Scientists from Indian Institute of Technology BHU, Varanasi and Indian Institute of Astrophysics in Bengaluru have discovered never-before-seen magnetic explosions on the surface of the sun.
This observation confirms a decade long theory and will help scientists better understand the atmosphere of the sun. This will eventually help in predicted space weather in a more accurate manner and help derive better results during controlled fusion and plasma experiments in the laboratory.
According to the study, (conducted with the help of NASA's Solar Dynamics Observatory) in the hot upper areas of the Sun's atmosphere, a humongous loop of material that gets launched due to an eruption falls straight back onto the surface of the sun?

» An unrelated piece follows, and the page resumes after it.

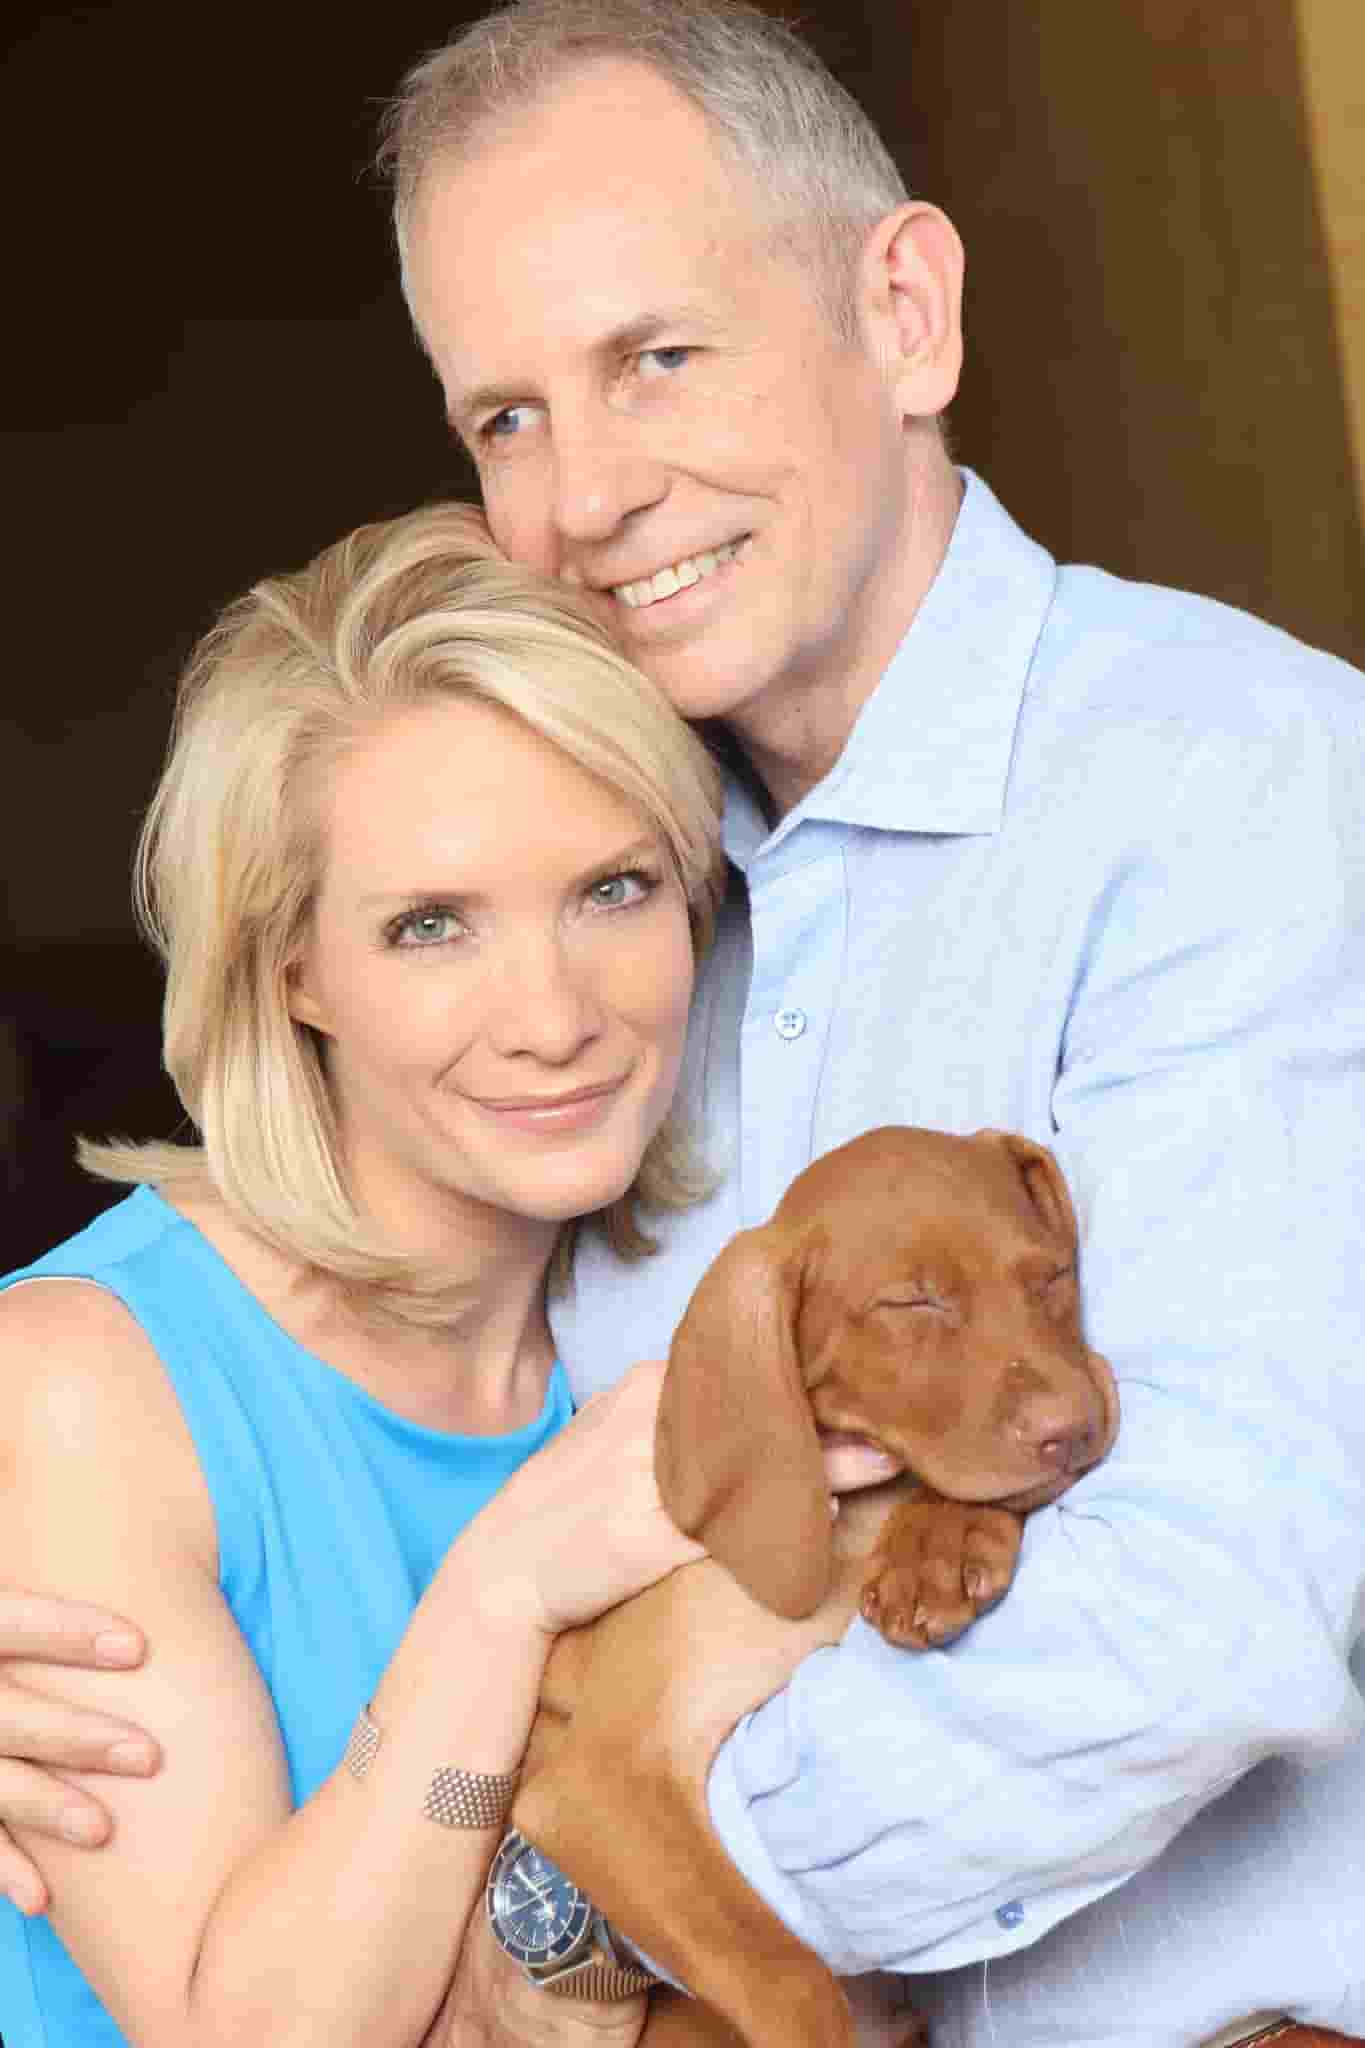 Peter McMahon with her with Dana Perino and their pet Jasper together when Jasper was just a little puppy.

However, before it could reach the surface, it came across an array of magnetic field lines that sparked the eruption, resulting in a massive magnetic explosion.
Previous discoveries have revealed the explosion through magnetic field lines -- often referred to as magnetic reconnection -- however, no one has seen this get triggered by an eruption. This makes this discovery extraordinary.
This discovery was theorized by NASA -- called it forced reconnection -- but there wasn't any discovery pertaining to this.
Previously occurred magnetic reconnection explosions occurred in specific conditions, with specific amounts of ionised gas or plasma, weakly conducting with the magnetic field.?
However, forced reconnection doesn't require such prerequisites. It just needs some kind of eruption to trigger it.
"This was the first observation of an external driver of magnetic reconnection," said Abhishek Srivastava, solar scientist at the Indian Institute of Technology (BHU).
He further added, "This could be very useful for understanding other systems. For example, Earth's and planetary magnetospheres, other magnetised plasma sources, including experiments at laboratory scales where plasma is highly diffusive and very hard to control.
"Our thought is that forced reconnection is everywhere," Srivastava said."But we have to continue to observe it, to quantify it, if we want to prove that."